Cash for
educating children caught up in disasters, ranging from the war in Syria
to the earthquake in Nepal, needs to rise sharply to cope with a surge
in the number of young refugees, a U.N. envoy said on Monday. "While
the need is rising, aid is currently falling," former British Prime
Minister Gordon Brown, the U.N. special envoy for global education, told
a July 6-7 conference on education in Oslo. "We must act to deal with
this crisis." He urged
creation of a multi-million dollar humanitarian fund to help education
in nations suffering emergencies, where schools were not among immediate
priorities of food, water, shelter and medicines.
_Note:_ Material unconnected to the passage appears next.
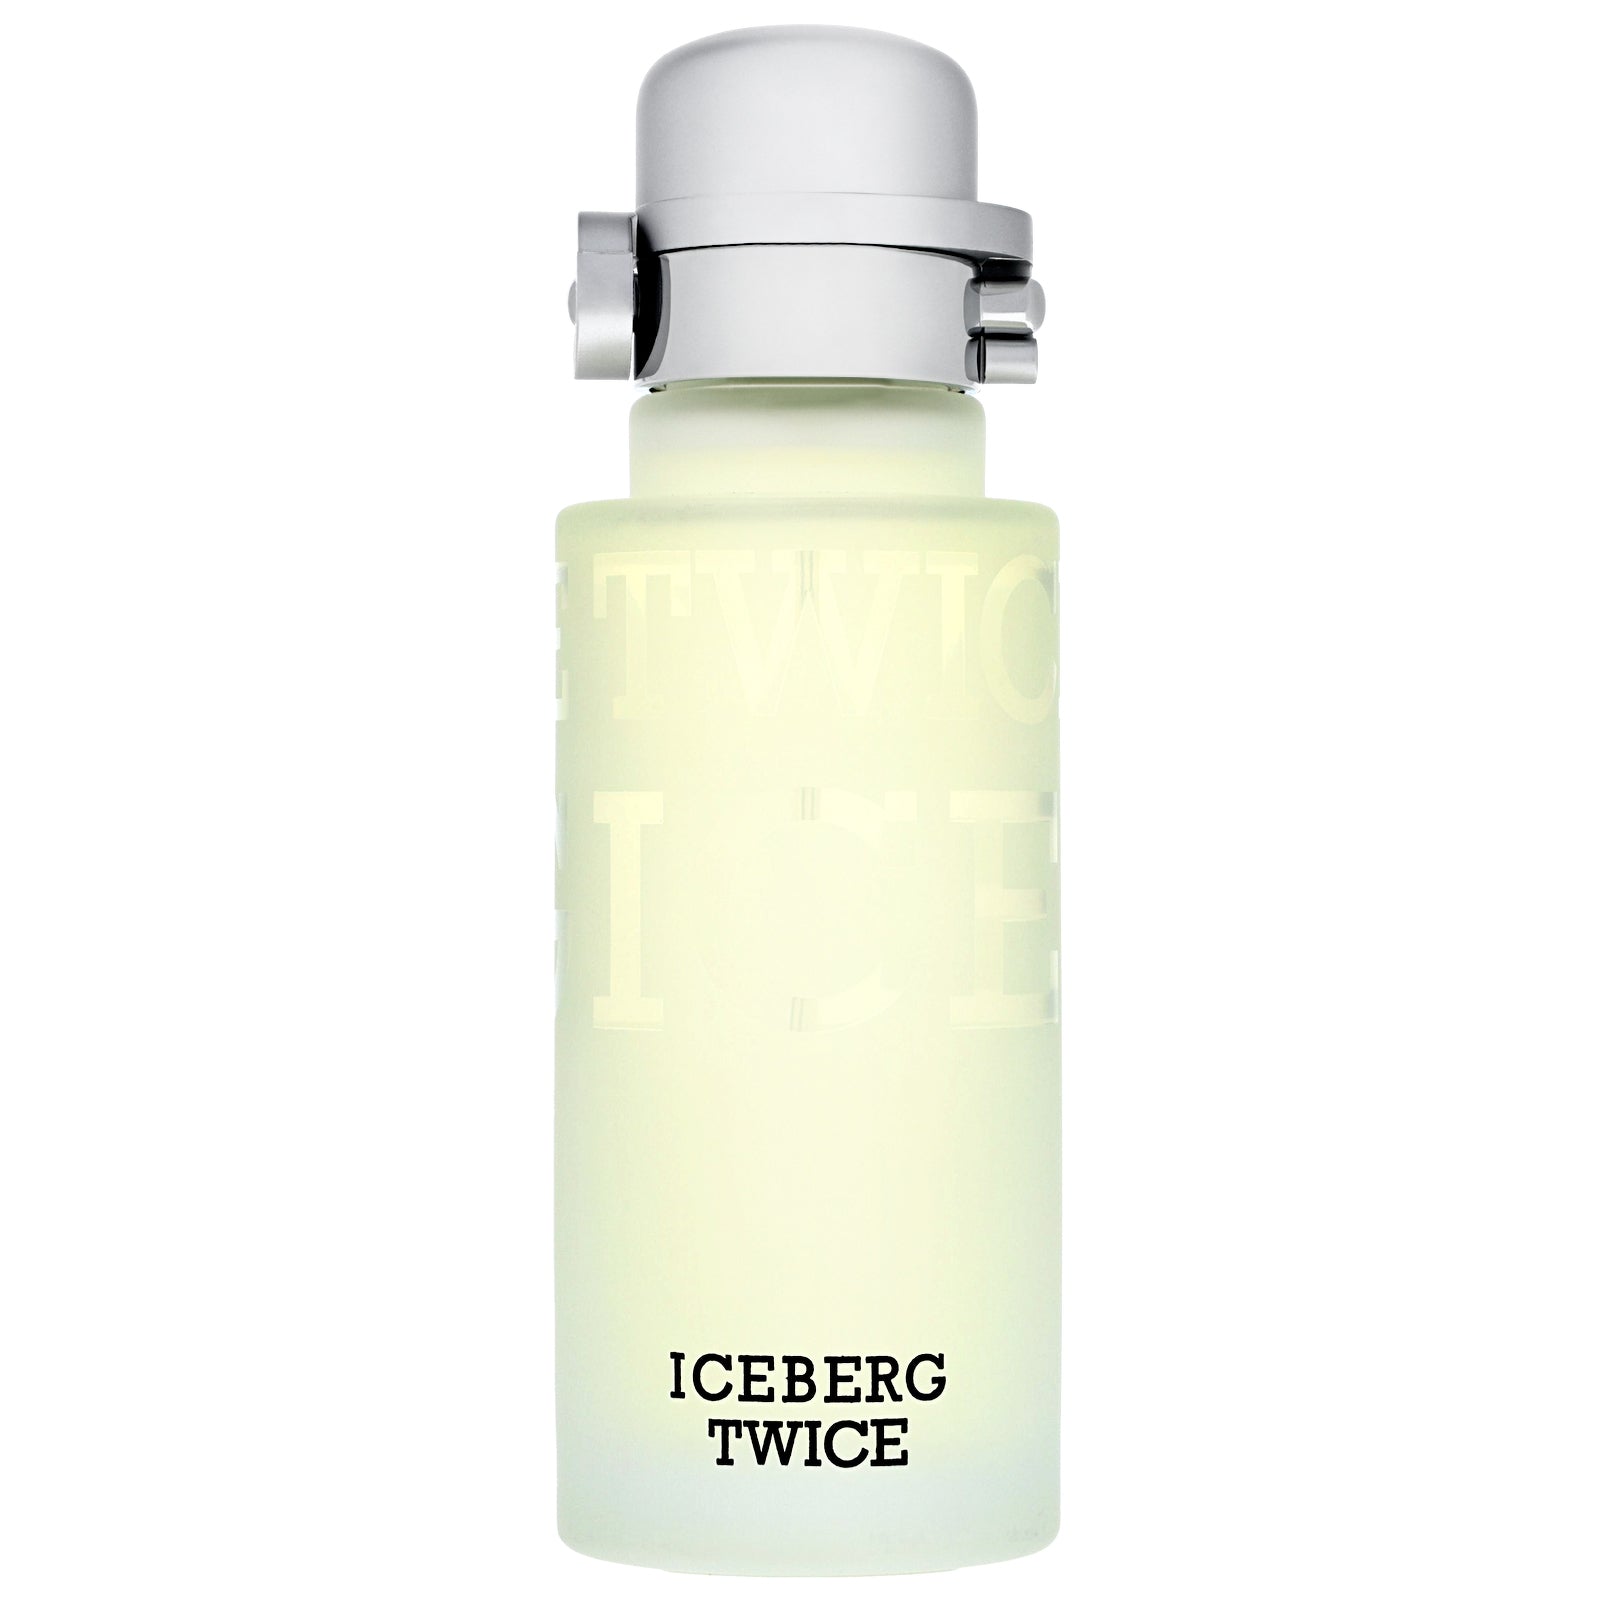 Iceberg Twice For Him Eau De Toilette Spray 125ml - Feel Gorgeous

Aid
to basic education fell to $3.5 billion in 2013 from $4.5 billion in
2010, even as overall aid flows increased to developing nations, he
said. Last month, the
U.N.'s refugee agency said the number of people forced to flee their
homes had surged to 59.5 million at the end of 2014, with 30 million
aged under 18, from 51.2 million a year earlier. Brown said that cash was available, for instance by cutting subsidies on fossil fuels and diverting the cash to schools. The Norwegian Refugee Council also urged a sharp rise in aid to help children suffering from emergencies. "Aid
to education in emergencies must be doubled," Jan Egeland, head of the
Council, told the conference. And he said that children who got no
education were more likely to get recruited to extremist and armed
groups. Worldwide,
a total of 59 million children were not getting primary education in
2013, up by 2.4 million from 2010 but well down from 99 million in 2000,
according to a report on Monday by the U.N. children's agency UNICEF. (Reuters) Norwegian
Foreign Minister Boerge Brende also said cash for education was badly
lagging, compared to goals of education for all by 2015. "No
education, no development," he said. "We are facing a financing gap of
$25 billion (a year) for ensuring basic education. We should see this
not as an expense but as an investment." Delegates
said there were also new sources of financing, beyond traditional rich
donors such as the United States, European nations or Japan. "European
nations have debts of their own, we need to do things differently,"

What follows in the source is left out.